There was not so much annoyance from wire-cutting as during the first campaign, but, nevertheless, the wire was cut 50 times, and about 57 miles stolen.

On the retirement from Kabul, the wire was rolled up, and all the material brought back to India, and there is now no telegraph office beyond Peshawur.

We now come to the general consideration of the construction and working of a field telegraph, based upon the experience gained in the operations just briefly described.

Mr. Preece, in a lecture delivered at Chatham some years ago, on military telegraphs, divided them into four classes, viz.:—

(1.) The Permanent Line.

(2.) „ Semi-permanent Line.

(3.) „ Flying Line.

(4.) Visual Signalling.

(1.) The Permanent Line he defined to be a continuation of the commercial system of the country in which the operations are taking place ; or of the establishment of a similar system in the event of there being none, or of the original one being totally destroyed.

(2.) The Semi-permanent line he defined to be that line which maintains headquarters in its advance in communication with the permanent line ; and

(3.) The Flying Line to be the telegraph connecting headquarters with its divisions.

Owing to the great perfection to which visual signalling has been brought of late, the necessity for the Flying Line in a hilly country like Afghanistan, where the sun is rarely obscured for many days together, no longer exists. By means of the heliograph, direct communication can be kept up between points 40 or more miles apart, and messages sent at the rate of from six to eight words per minute. In an enemy's country the heliograph has enormous advantages over the electric telegraph. It cannot be cut and destroyed like the wire ; it can accompany the army, no matter how rapidly it advances; it is easily carried, and can be set working in five minutes ; it can be protected and worked even whilst a battle is going on all round.

Its great disadvantage, viz., that it can be read by enemies as well as friends, made no difference in Afghanistan, as its flashes conveyed nothing to the minds of the Afghans, and only excited their wonder and astonishment.

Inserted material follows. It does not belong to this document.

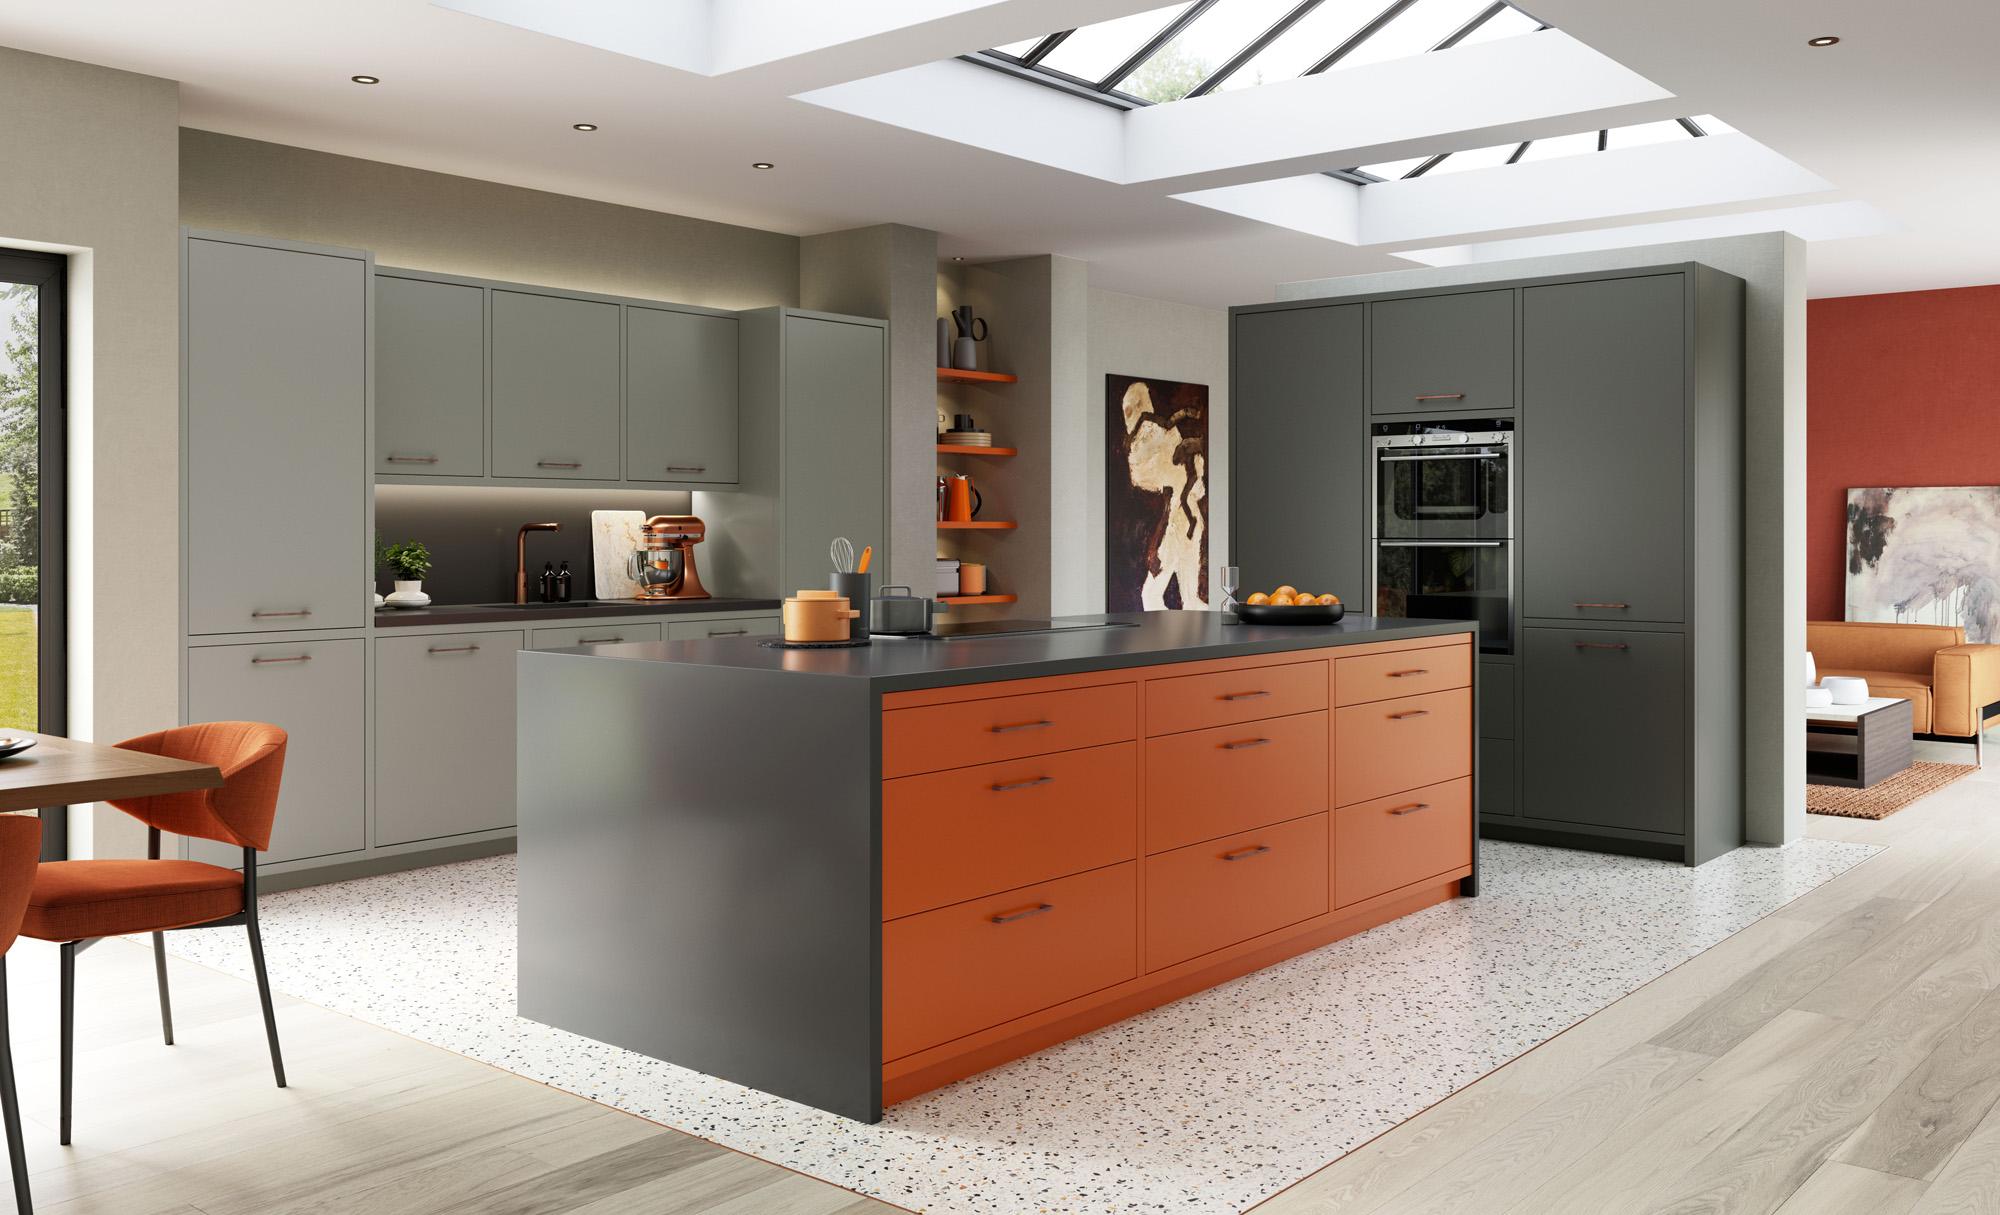 Modern Contemporary Zola Matte Zingy Orange, Graphite, Dust Grey Kitchen - Kitchen Design - Alan Kelly Kitchens - Waterford

Visual signalling being so perfect, there is not the necessity for the hurried construction of the field telegraph which there would be if no other means of communication were possible between the army as it advanced and its base of operations. The field telegraph may now, perhaps, be defined as the line that, starting from the base of operations, where it is in connection with the regular telegraphic system, is taken into the enemy's country as soon after the advance of the army as the state of the country admits. It is little or no use constructing a line till arrangements can be made for its protection.

Since the hurried and rapid construction of the telegraph is not essential, there is no necessity for the use of very light material which would afterwards require to be replaced, but a strong semipermanent line can at once be put up, calculated to last at any rate as long as the campaign is likely to do, and which can be made permanent by addition or alteration without being entirely reconstructed.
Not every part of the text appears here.